● **WORK REQUEST**: Give an exact copy of the data that follows, but none of its pictures.

● **THE DATA**:

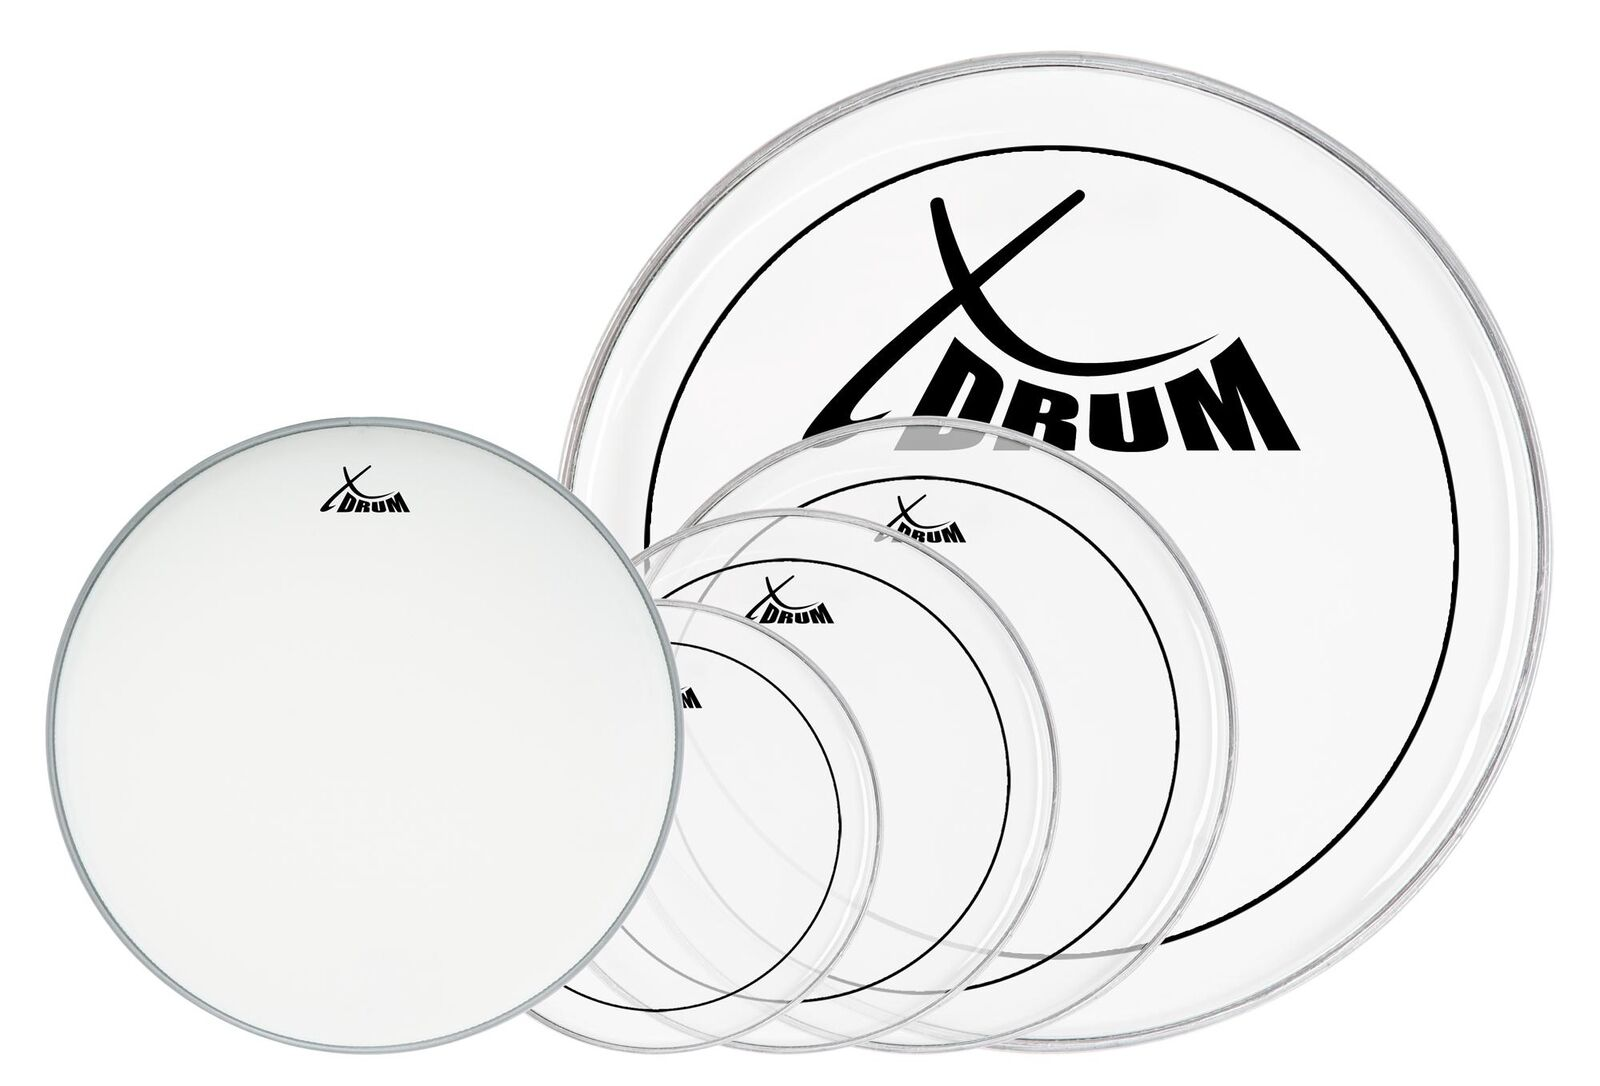 XDrum Session 10,12,14,22+14  kompl. Fellset Schlagzeug
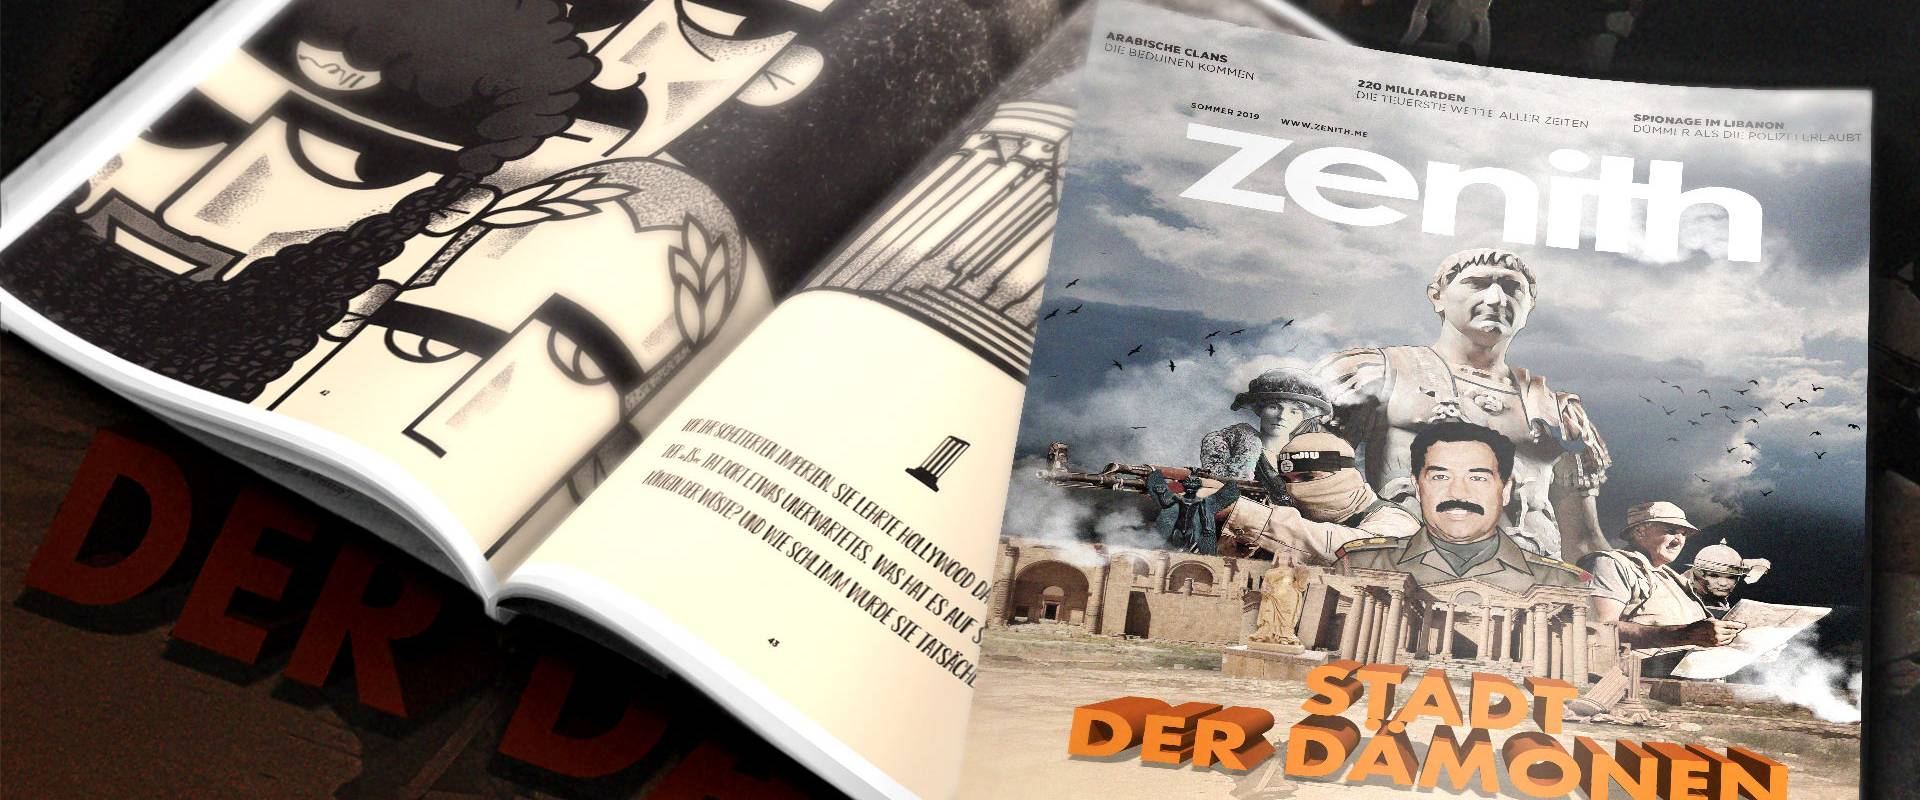 zenith_1/19_cover
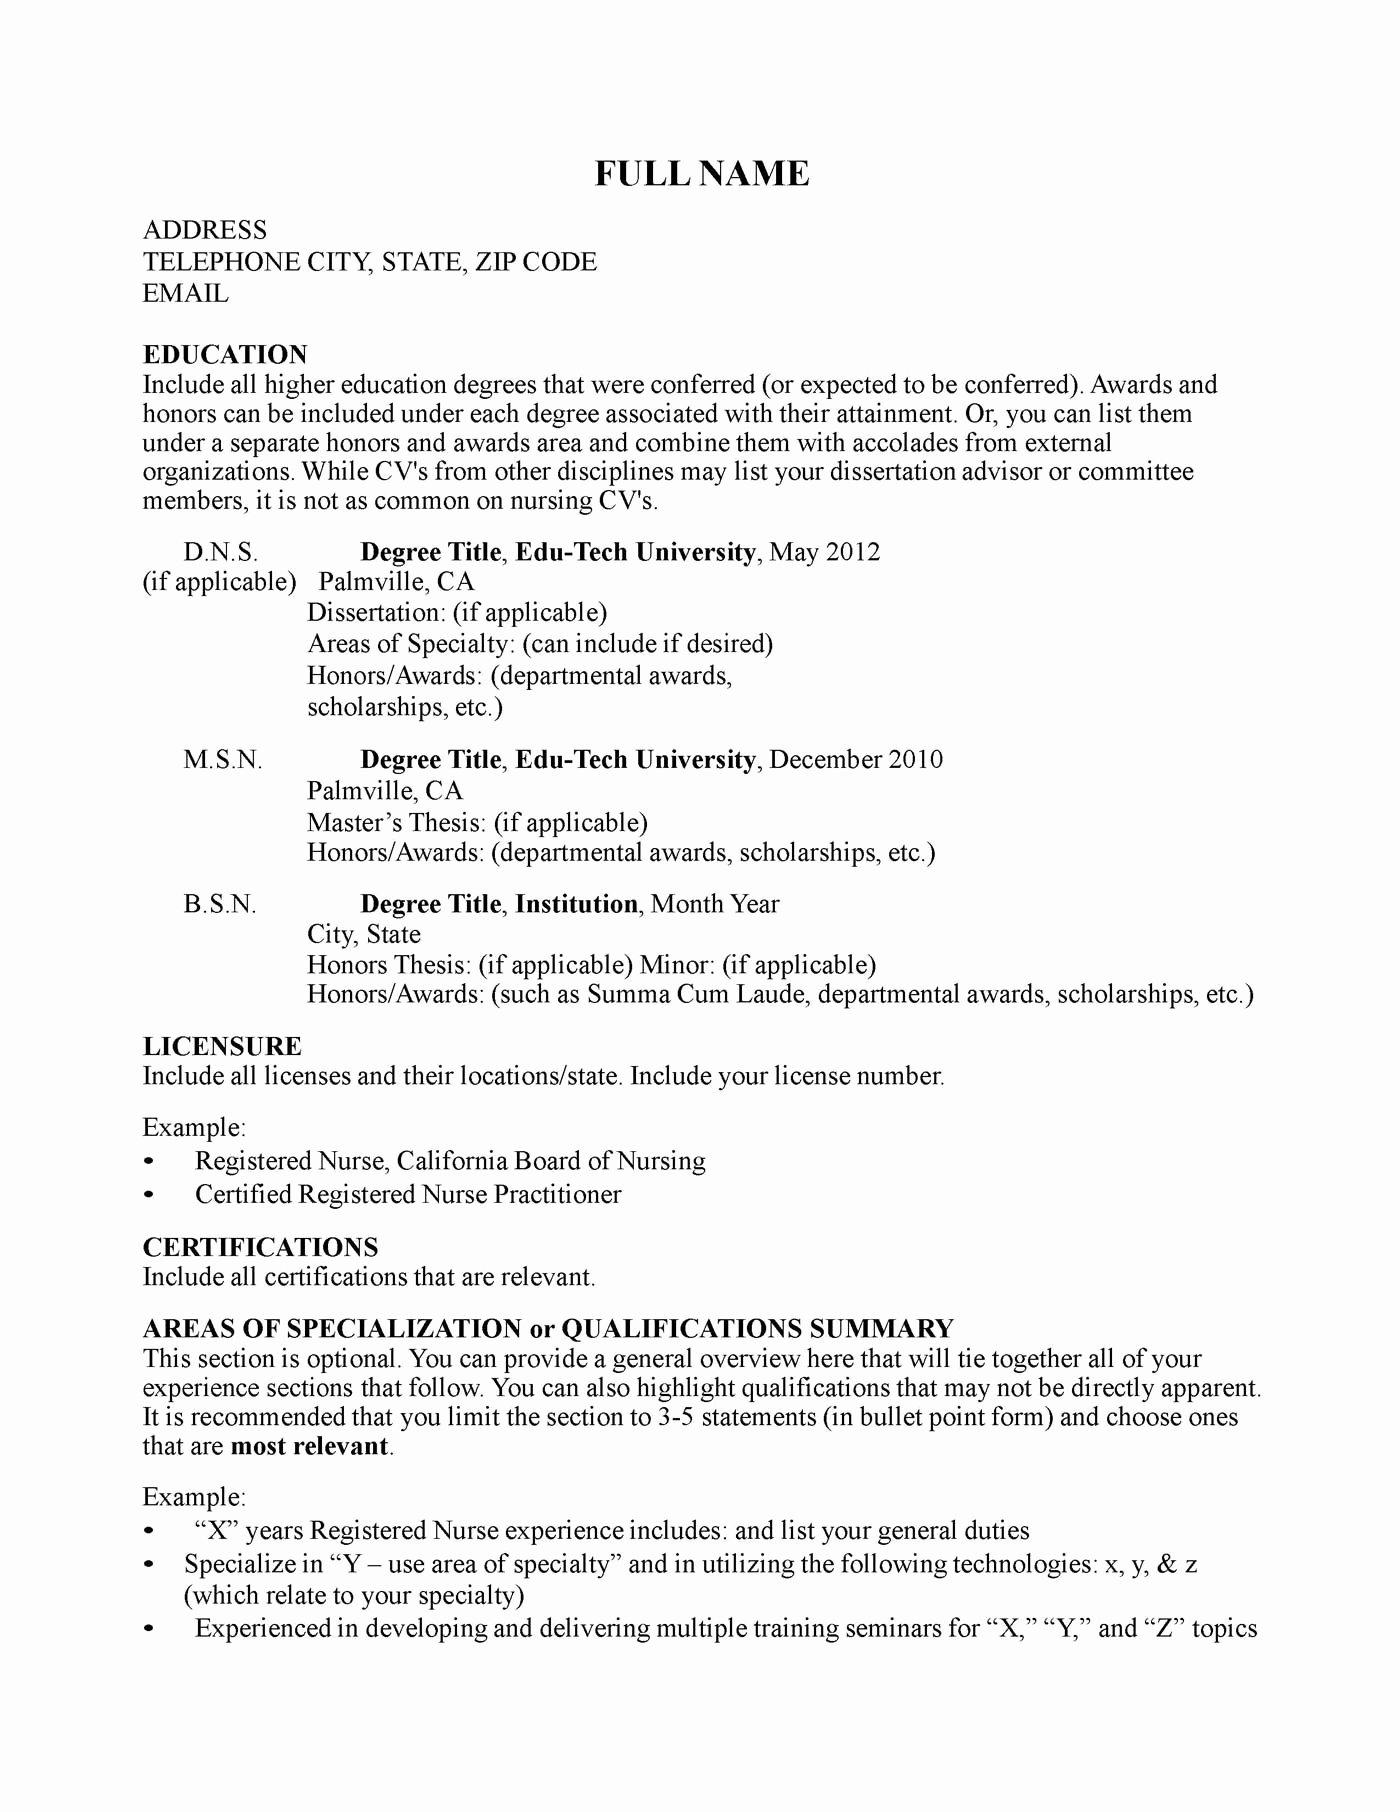 Curriculum Vitae Curriculum Vitae Sample Nurse Educator

● **EXPECTED ANSWER**:
 XDrum Session 10,12,14,22+14  kompl. Fellset Schlagzeug
 zenith_1/19_cover
 Curriculum Vitae Curriculum Vitae Sample Nurse Educator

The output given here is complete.